Due to high bacterial contamination and low amounts of human RNA, samples from patient P8 were discarded. To detect low-abundance mRNA species, pre-amplification was required to increase the amount of specific cDNA targets synthesized with the SuperScript^® III First-Strand Synthesis System. Ten cycles of pre-amplification were performed according to the TaqMan^® PreAmp Master Mix (Thermo Fisher Scientific Baltics UAB, Vilnius, Lithuania) (34). In the present work, 13 different TaqMan^® Gene Expression Assays (4 genes for normalization purposes and 9 genes for detecting radiation-induced target genes) were utilized and pooled to enable the multiplex amplification of specific cDNA targets. ACTB (Hs01060665_g1), ATP6 (Hs02596862_g1), B2M (Hs00187842_m1), and HPRT1 (Hs02800695_m1) were used as an internal control for normalization purposes. PHPT1 (Hs03645225_m1), CCNG1 (Hs00171112_m1), CDKN1A (Hs00355782_m1), GADD45A (Hs00169255_m1), SESN1 (Hs00902782_m1), FDXR (Hs01031617_m1), DDB2 (Hs00172068_m1), POU2AF1 (Hs01573371_m1), and WNT3 (Hs00902257_m1) known as radiation-induced targets in blood were detected as well (2, 26–28, 35–37).

Real-time Quantitative Reverse Transcription Polymerase Chain Reaction (qRT-PCR)

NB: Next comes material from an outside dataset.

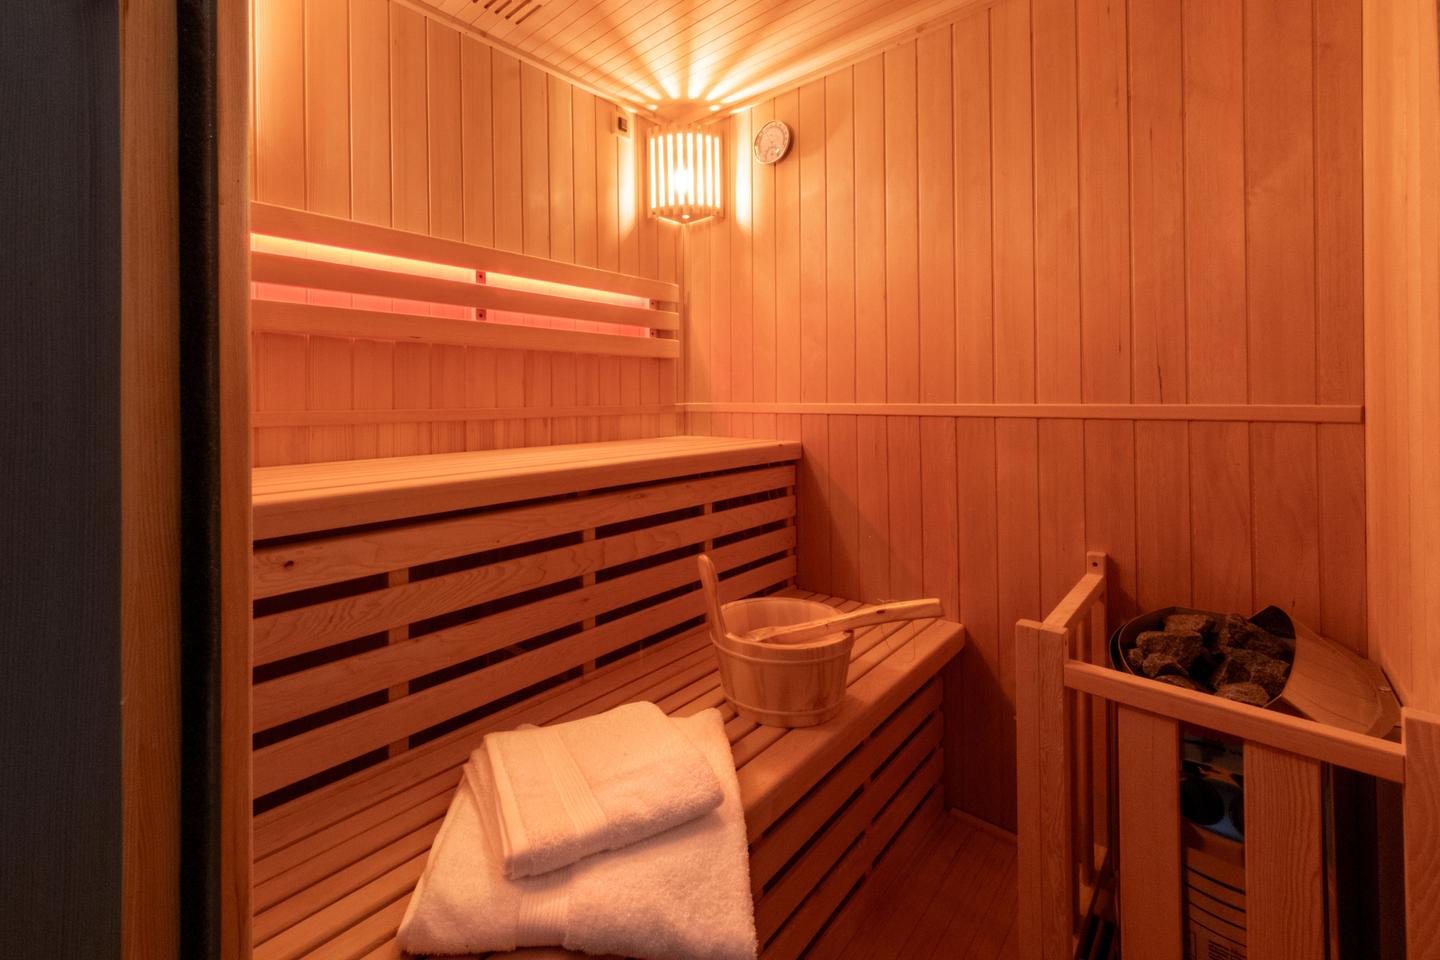 Hôte GreenGo: Viens on s'aime - Suite romantique avec jacuzzi et sauna privatifs - Image 8

For human (18S rRNA) and pan-bacterial (16S rRNA) primer probe designs (for ratio calculation; see above), cDNA from a high-capacity cDNA reverse transcription kit was used. For the nine primer probe designs representing previously identified biomarkers of radiation exposure in the blood (PHPT1, CCNG1, CDKN1A, GADD45A, SESN1, FDXR, DDB2, POU2AF1, and WNT3), SuperScript^™ III First-Strand Synthesis SuperMix was used in combination with a 10× pre-amplification for the detection of each gene in each saliva sample. For blood samples, cDNA from a High-capacity cDNA reverse transcription kit was used. The experiments for analyzing blood samples were performed during another study (28). That's why, the blood gene expression (GE) data of CDKN1A, PHPT1, CCNG1, GADD45, and SESN1 for the comparison in the results part Task III part 1 was used from the mentioned study. The qRT-PCR reaction contained the TaqMan^® Universal PCR Master Mix and one of the inventoried TaqMan^® Gene Expression Assays for separate detection of transcripts. The qRT-PCR for the genes 18S rRNA and 16S rRNA was performed similarly. All measurements were run in duplicate, using a 96-well-format TaqMan^® qRT-PCR platform and the QuantStudio^™ 12K OA Real-Time PCR System (Thermo Fisher Scientific Inc., Waltham, MA). After the calculation of input and normalization using ACTB, ATP6, and B2M in saliva samples, as well as HPRT1 in blood samples, fold change (FC) differences in GE were calculated by the –ΔΔCt-approach [cycle threshold (Ct)] relative to unexposed samples of the same patient used as the calibrator.

Statistical Analysis

Descriptive and analytical statistics were performed using SAS (release 9.4, Cary, NC). Associations with GE were either examined using linear (for continuous variables such as age) or logistic regression models (for categorical variables such as acute or late radiotoxicities). Acute toxicity was examined with grade 1 vs. grade 2. Due to the reduced patient number, we merged late toxicity grades into binary categories to increase the power. For late toxicity, grades 1 and 2 were merged into one category, and grades 3 and 4 into a second category. Significant GE differences at specific time points were calculated using either parametrical (t test) or non-parametric tests, where applicable. To compare frequencies of patients showing the same direction of differential gene expression (DGE) response in saliva and blood, a FC > |1.2| was introduced to define up- or downregulation or non-response (lying below 1.2) to partial-body irradiation. A fold change of 1.2 was chosen to allow for high sensitivity. Statistical analysis was performed separately for each of the first two radiotherapy fractions and for some comparisons combined to increase the power. If mean GE values in these comparisons revealed a similar GE tendency (up- or downregulation) in both radiotherapy fractions and became statically significant after merging them, they were reported in this study. Further calculations and graphical presentations were performed using Excel 2010 (Microsoft) and Sigma Plot 14.5 (Jandel Scientific, Erkrath, Germany).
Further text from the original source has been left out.